**About this task:**
Leave the pictures out, and transcribe the material below exactly from the line with "Bangladesh, Dhaka, Bangladeshi, rickshaw" to the line with "señorita miss colombia", both lines included.

**Given data:**
__________

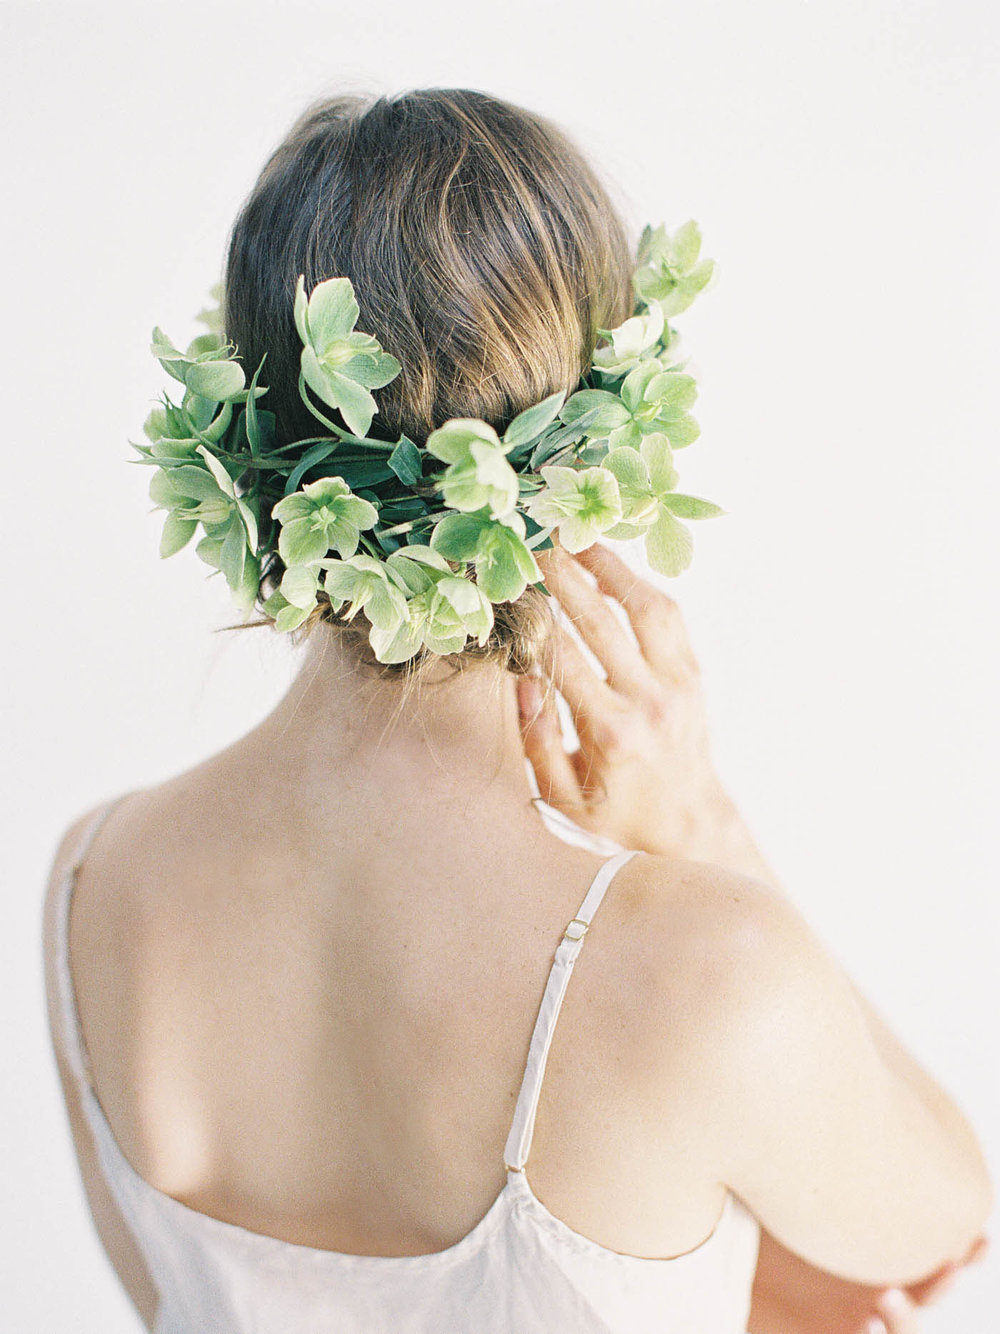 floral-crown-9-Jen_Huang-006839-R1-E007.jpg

__________

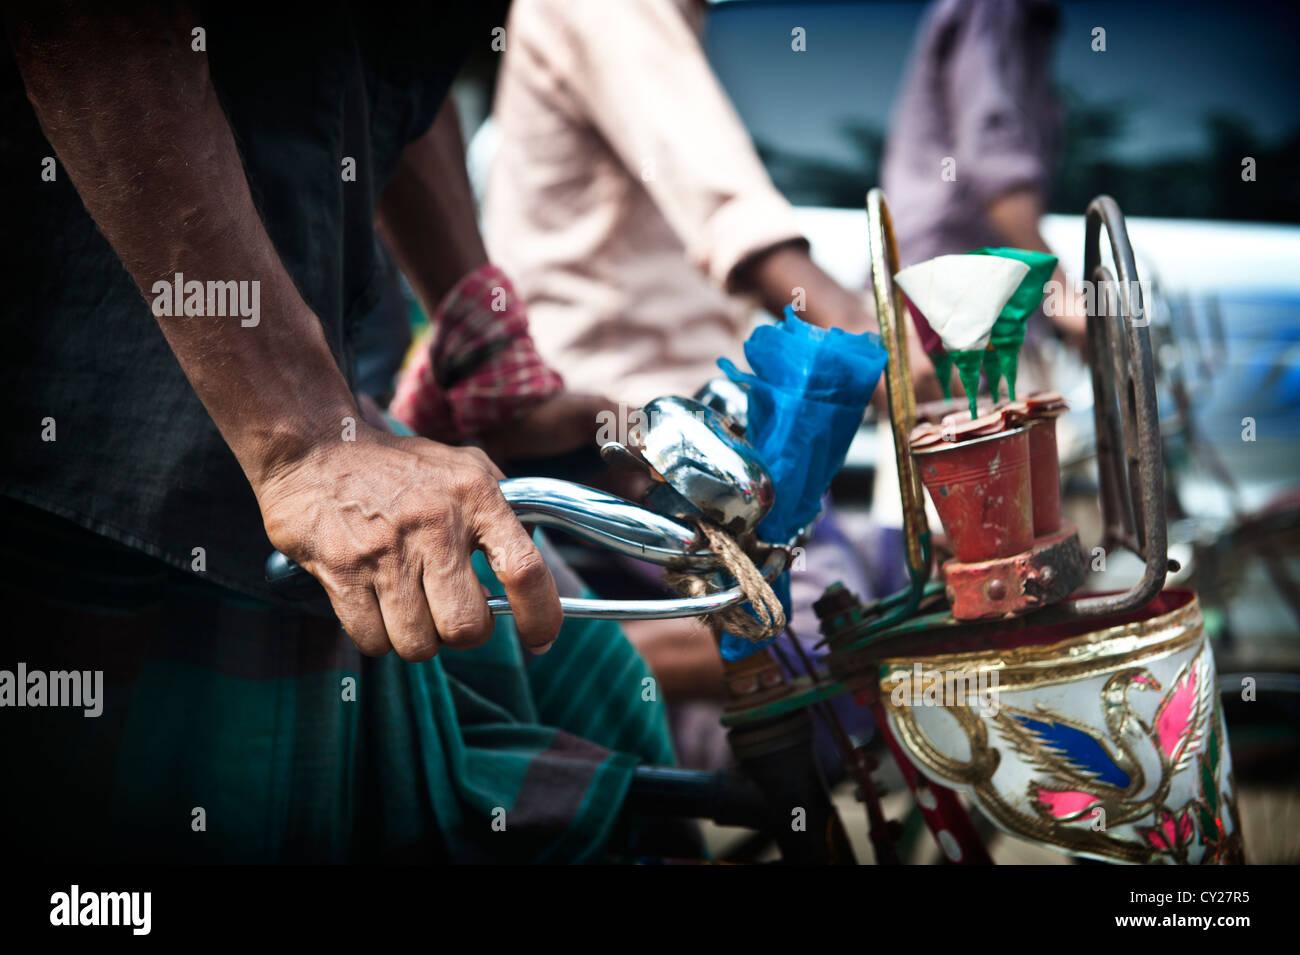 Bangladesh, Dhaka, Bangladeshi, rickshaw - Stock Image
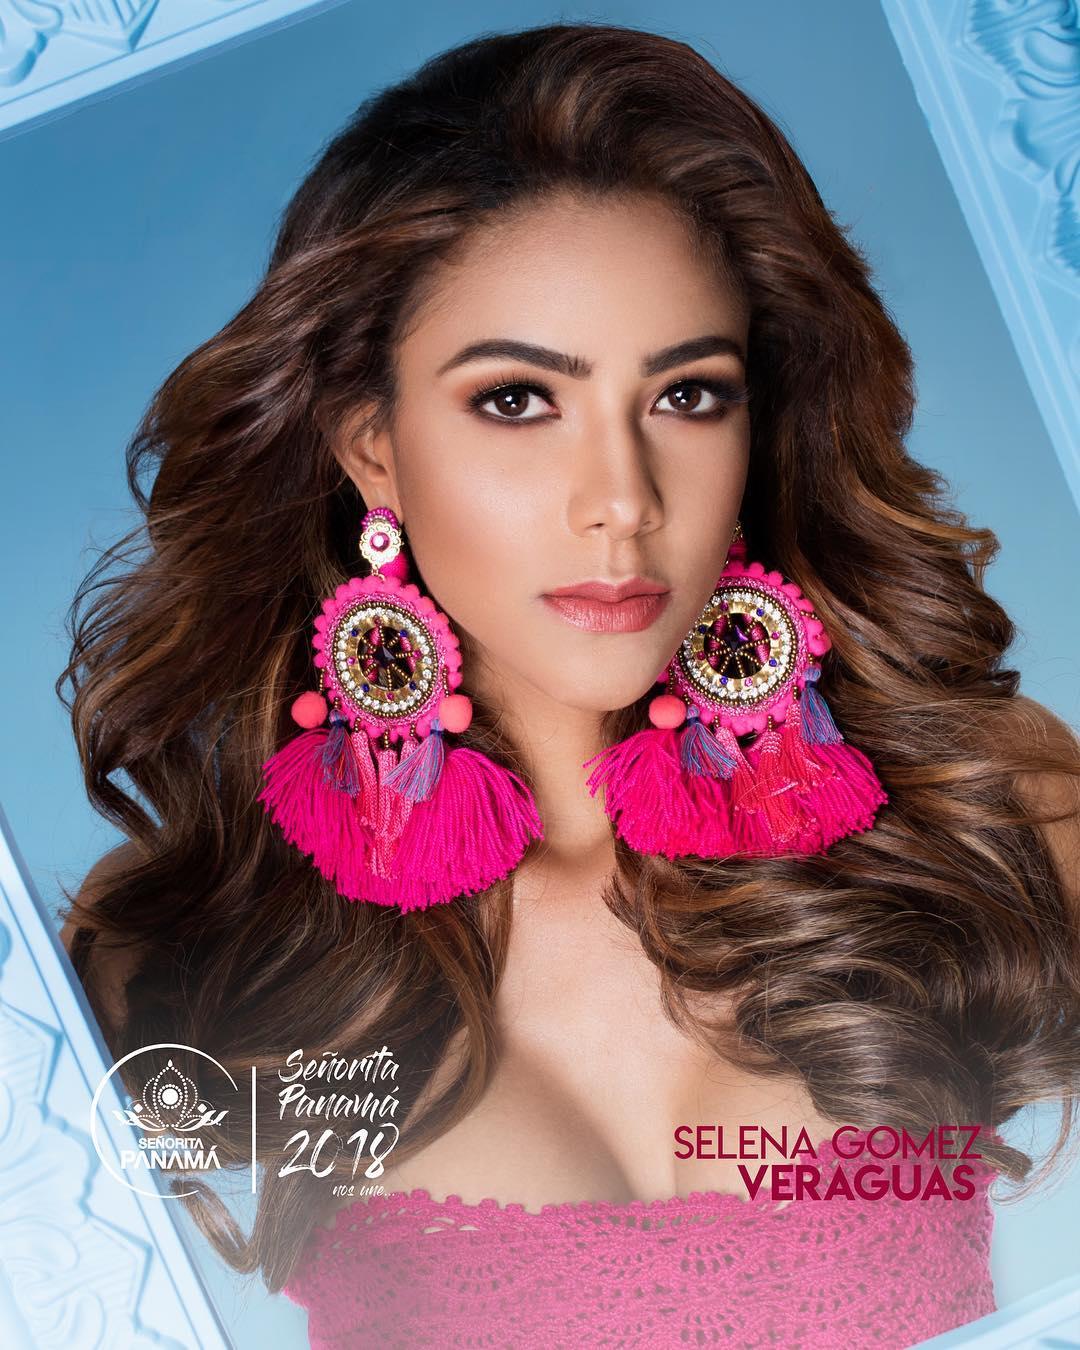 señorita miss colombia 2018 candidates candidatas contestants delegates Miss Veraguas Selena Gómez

__________

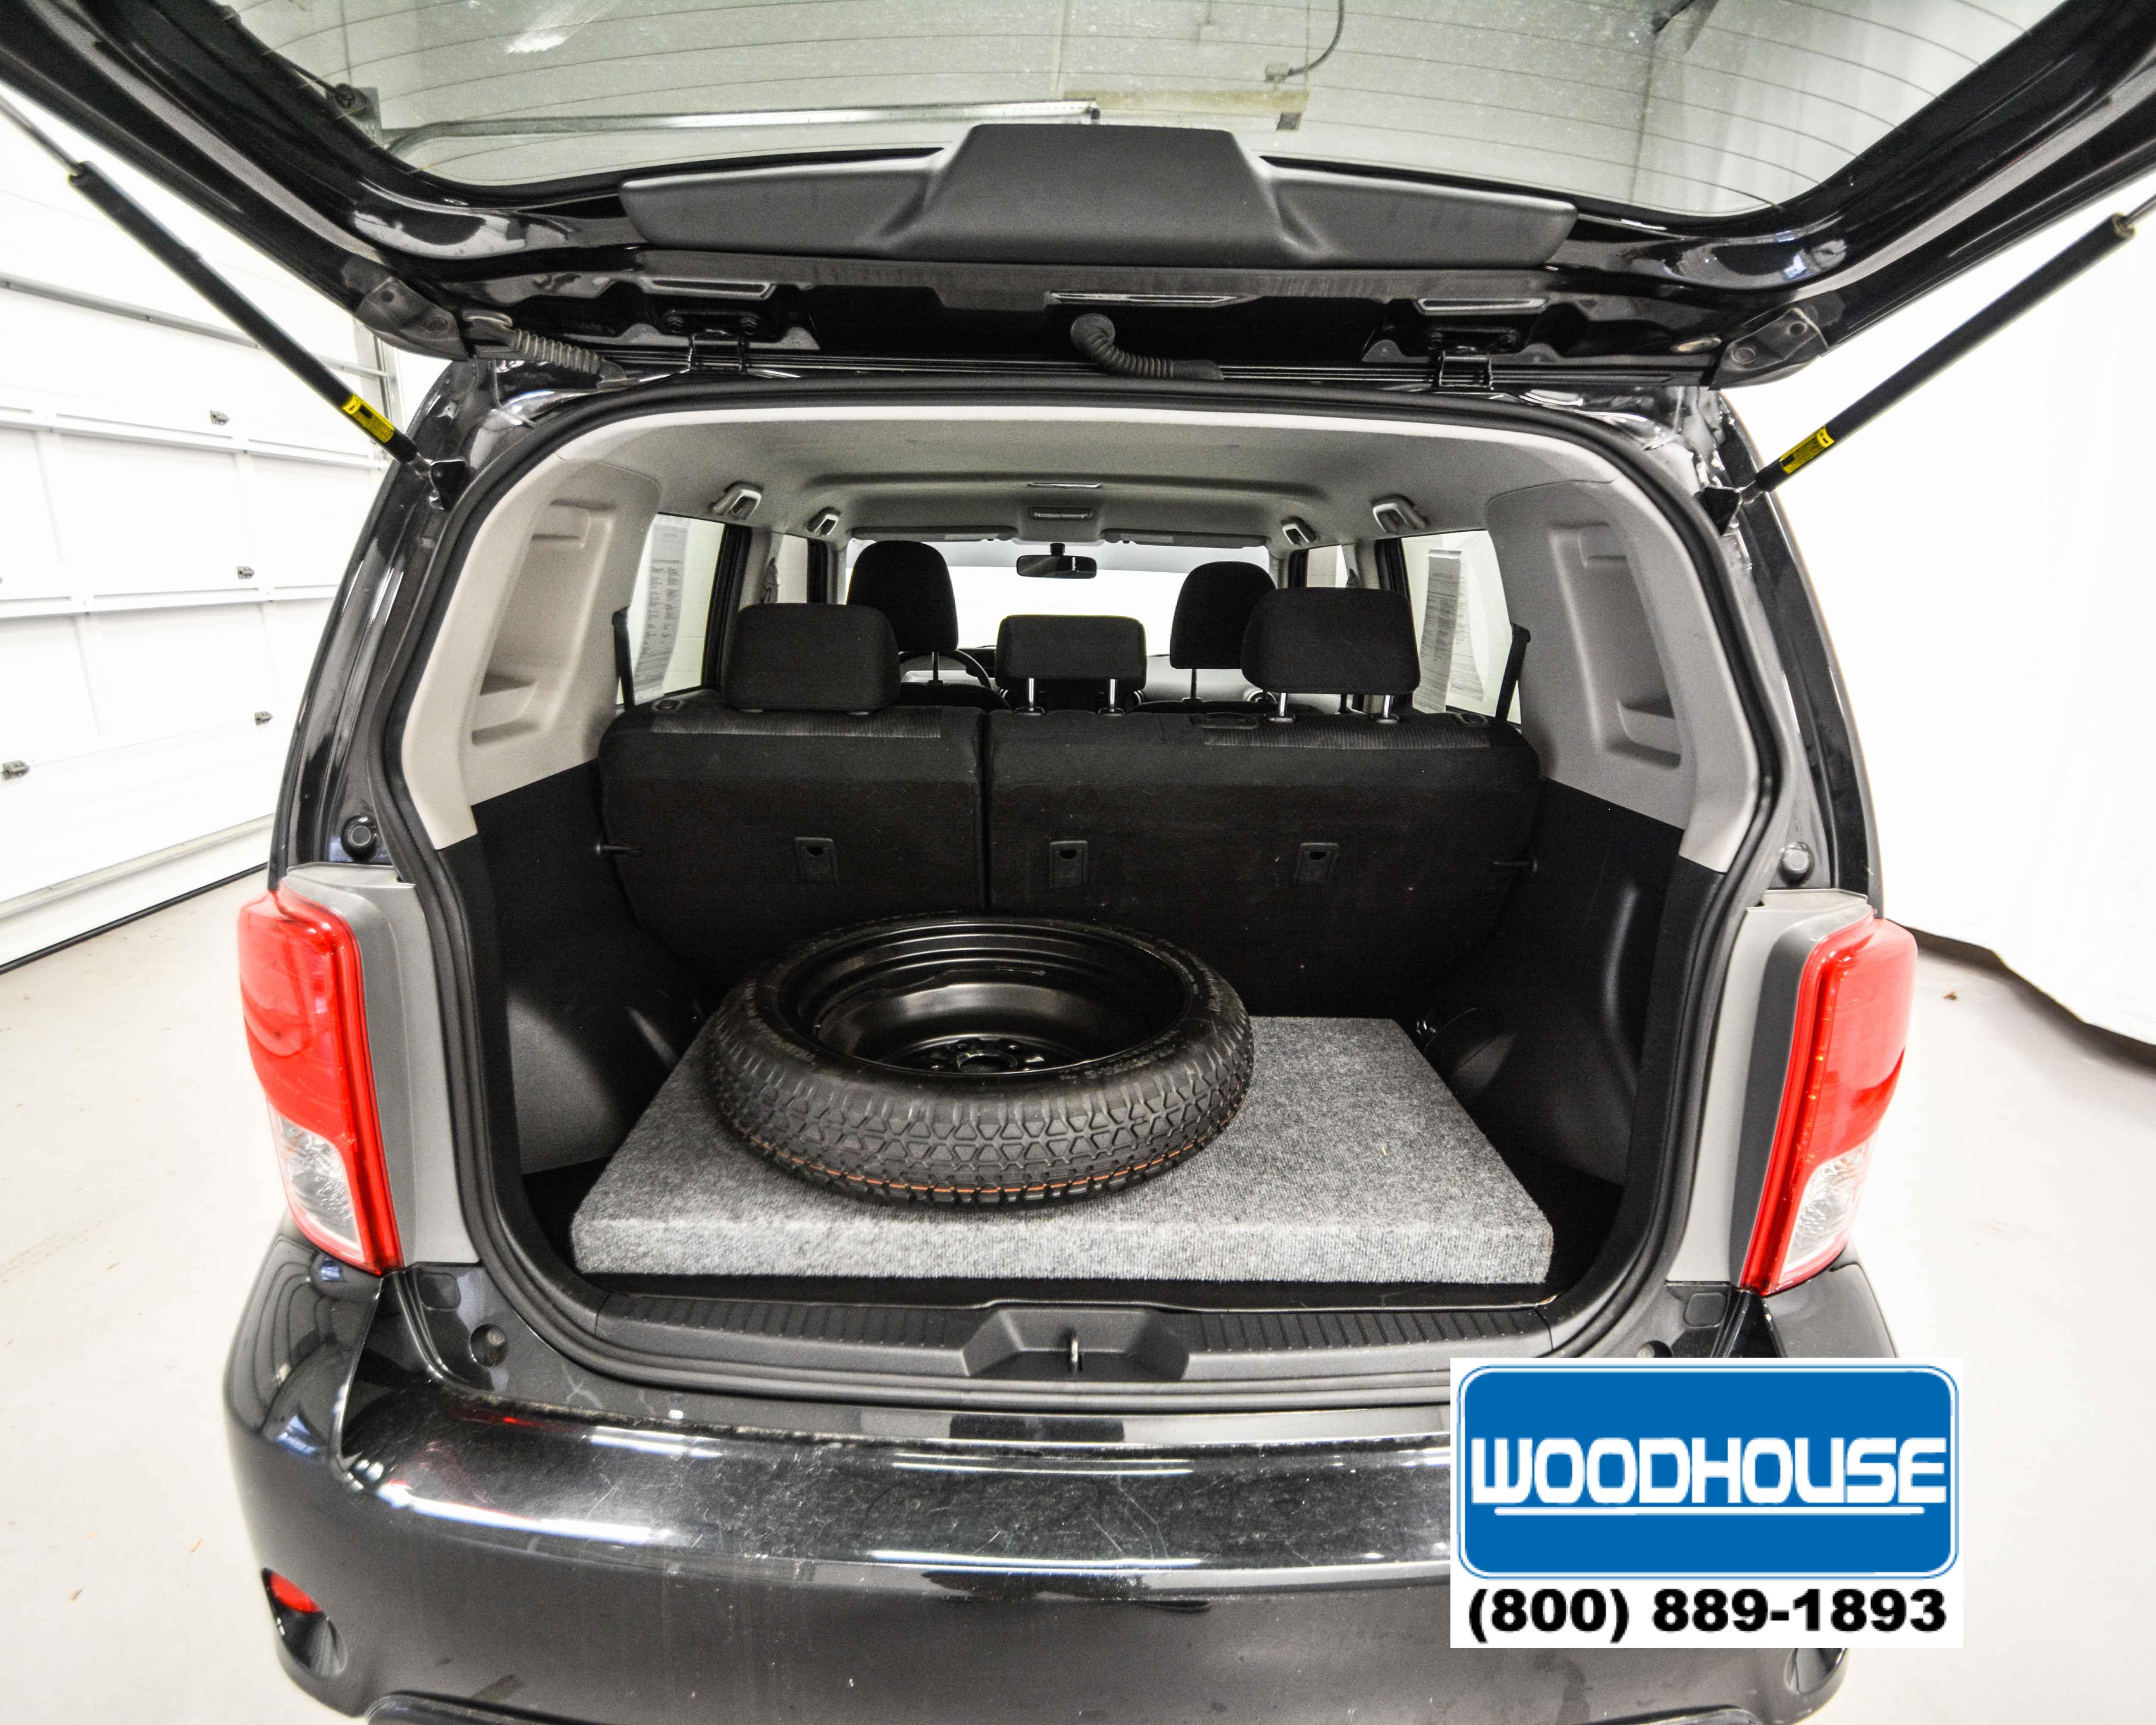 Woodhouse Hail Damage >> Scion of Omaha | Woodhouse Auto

__________

**Exercise output:**
 Bangladesh, Dhaka, Bangladeshi, rickshaw - Stock Image
 señorita miss colombia 2018 candidates candidatas contestants delegates Miss Veraguas Selena Gómez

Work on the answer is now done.